→ **Information supplied**:
# # # # # # #

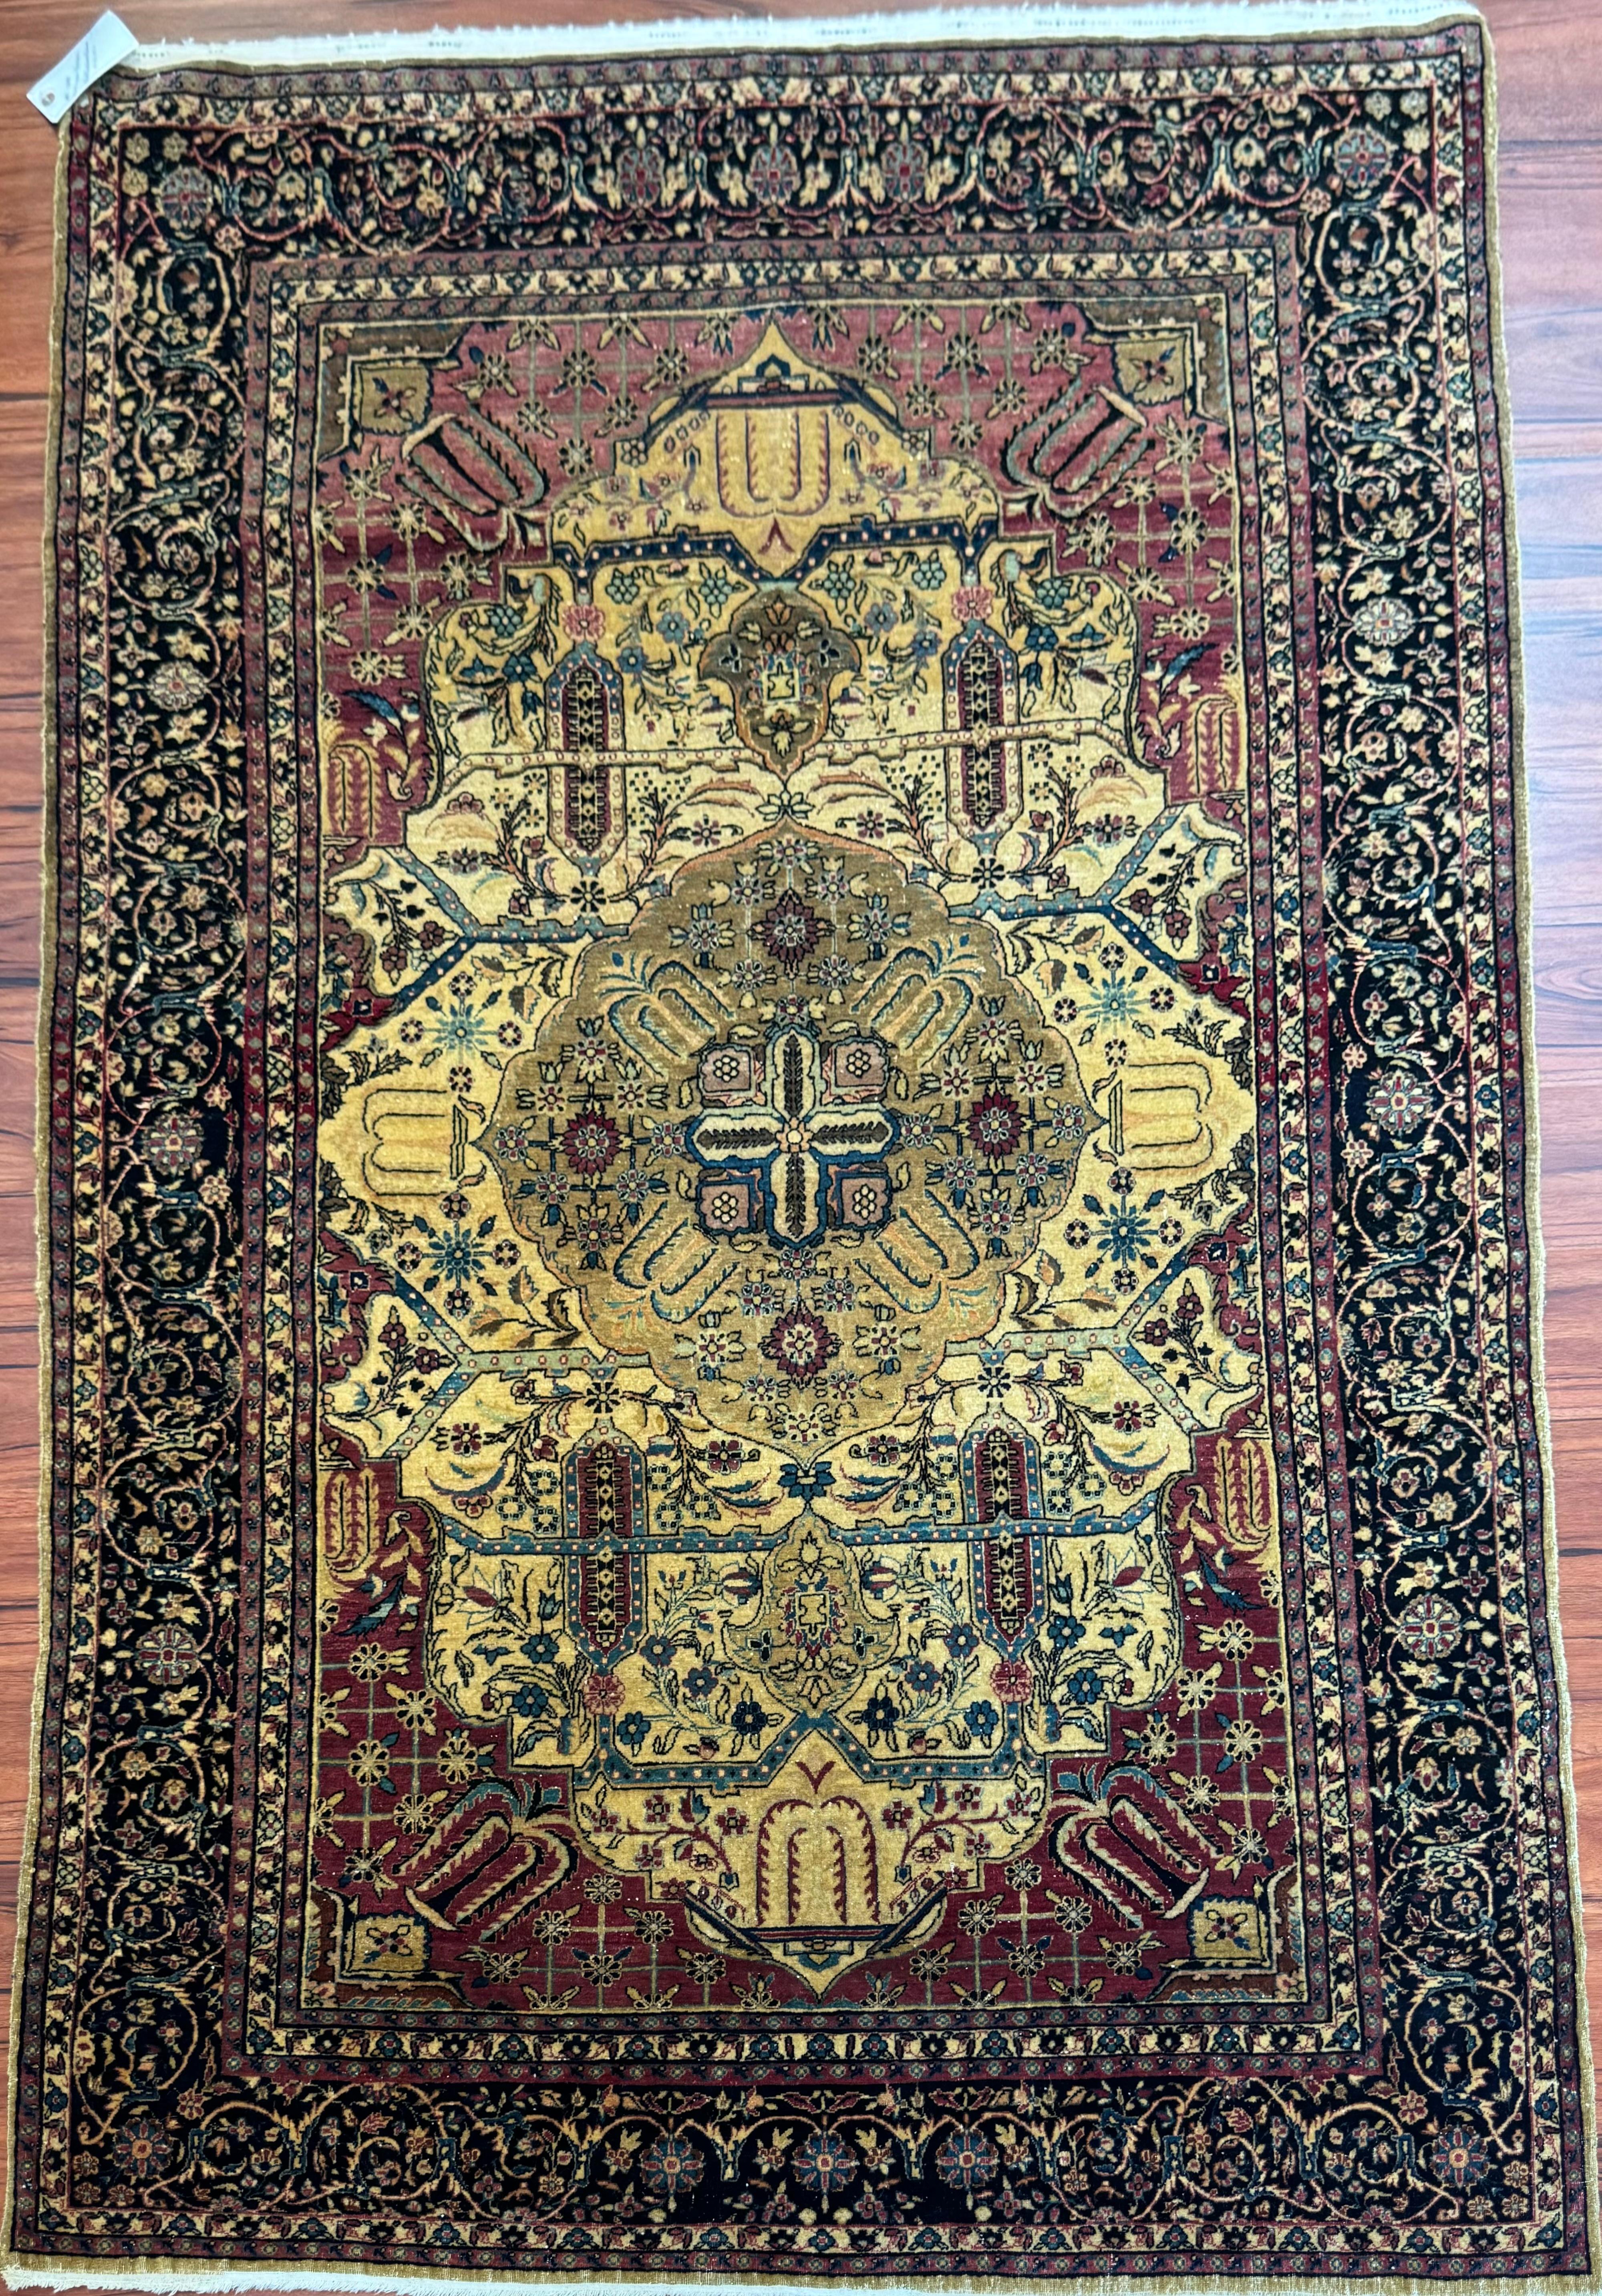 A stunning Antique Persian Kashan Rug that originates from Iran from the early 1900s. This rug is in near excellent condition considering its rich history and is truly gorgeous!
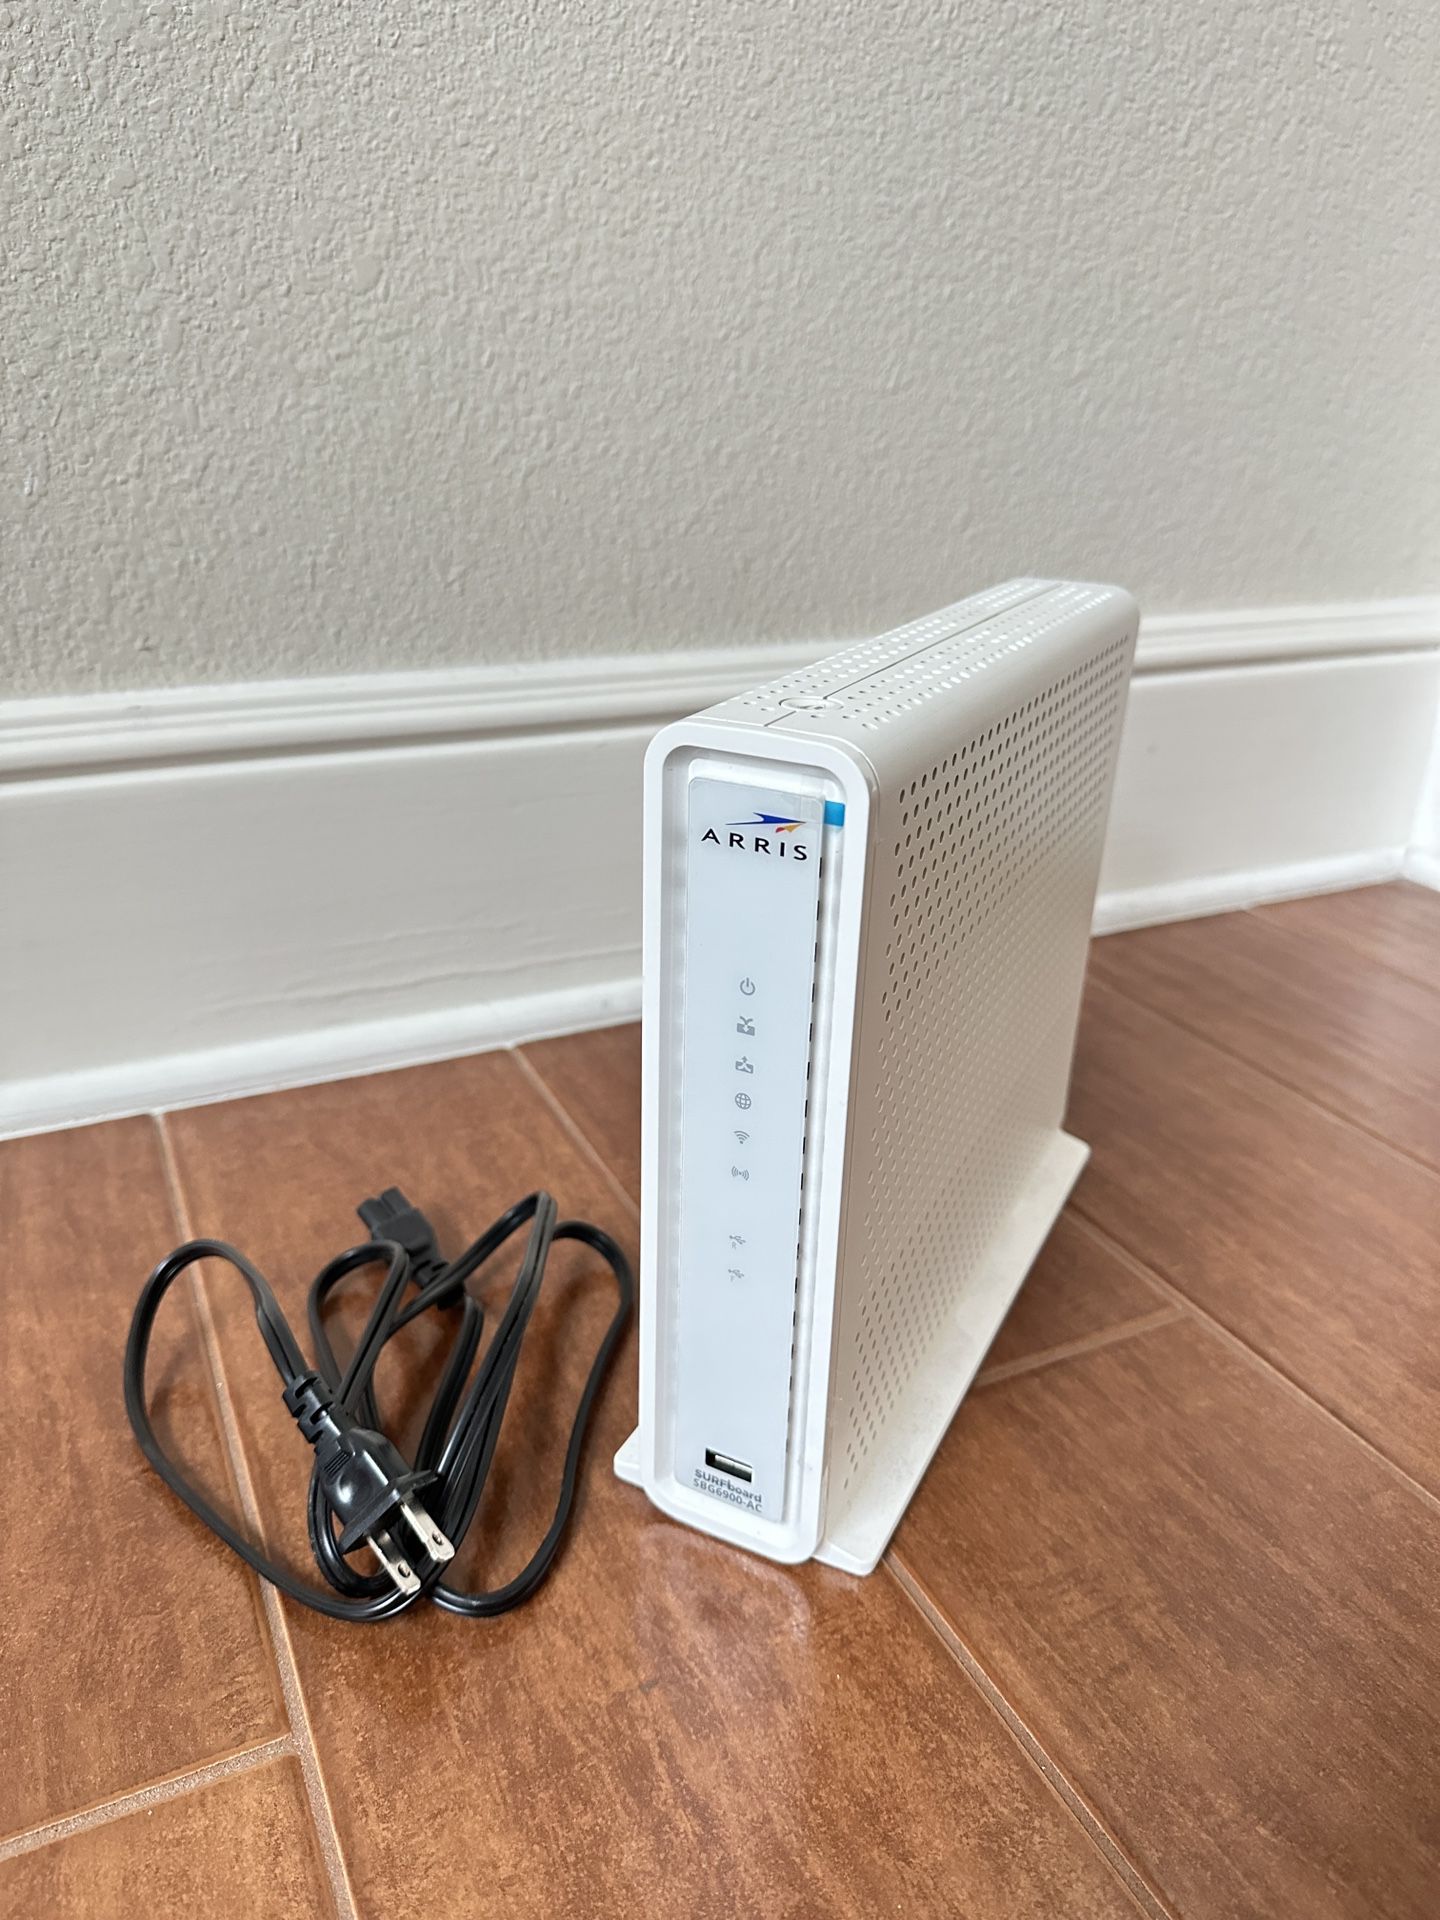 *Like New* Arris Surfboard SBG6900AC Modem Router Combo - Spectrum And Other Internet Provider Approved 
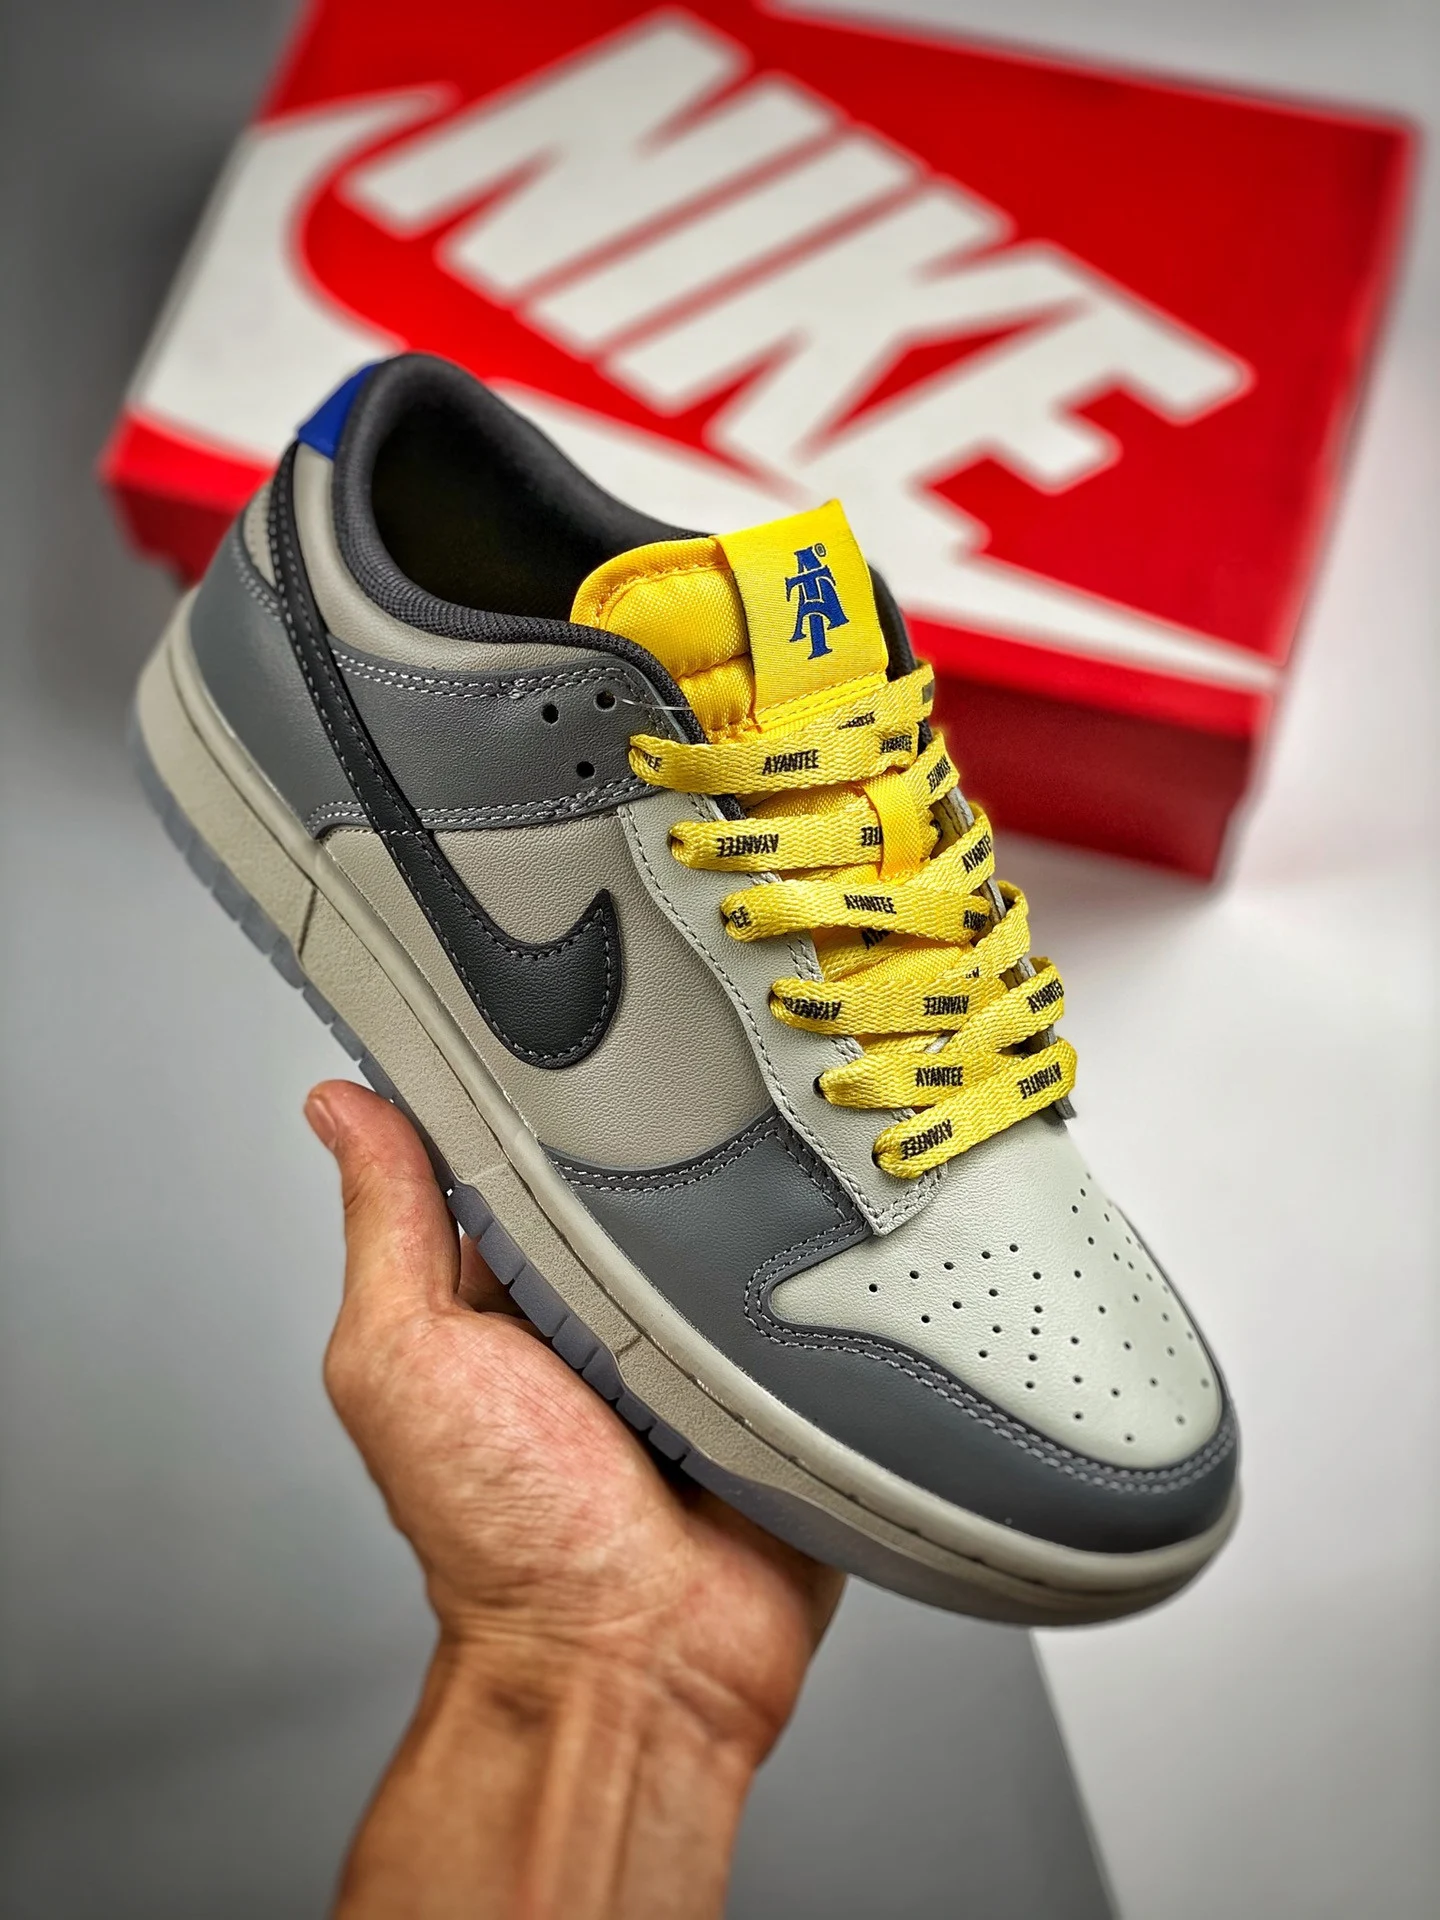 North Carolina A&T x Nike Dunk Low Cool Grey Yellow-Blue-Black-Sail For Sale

# # # # # # #

→ **Directions**: The whole listing above, line by line, needs to be copied exactly, except for any images.

→ **Task response**:
 A stunning Antique Persian Kashan Rug that originates from Iran from the early 1900s. This rug is in near excellent condition considering its rich history and is truly gorgeous!
 *Like New* Arris Surfboard SBG6900AC Modem Router Combo - Spectrum And Other Internet Provider Approved 
 North Carolina A&T x Nike Dunk Low Cool Grey Yellow-Blue-Black-Sail For Sale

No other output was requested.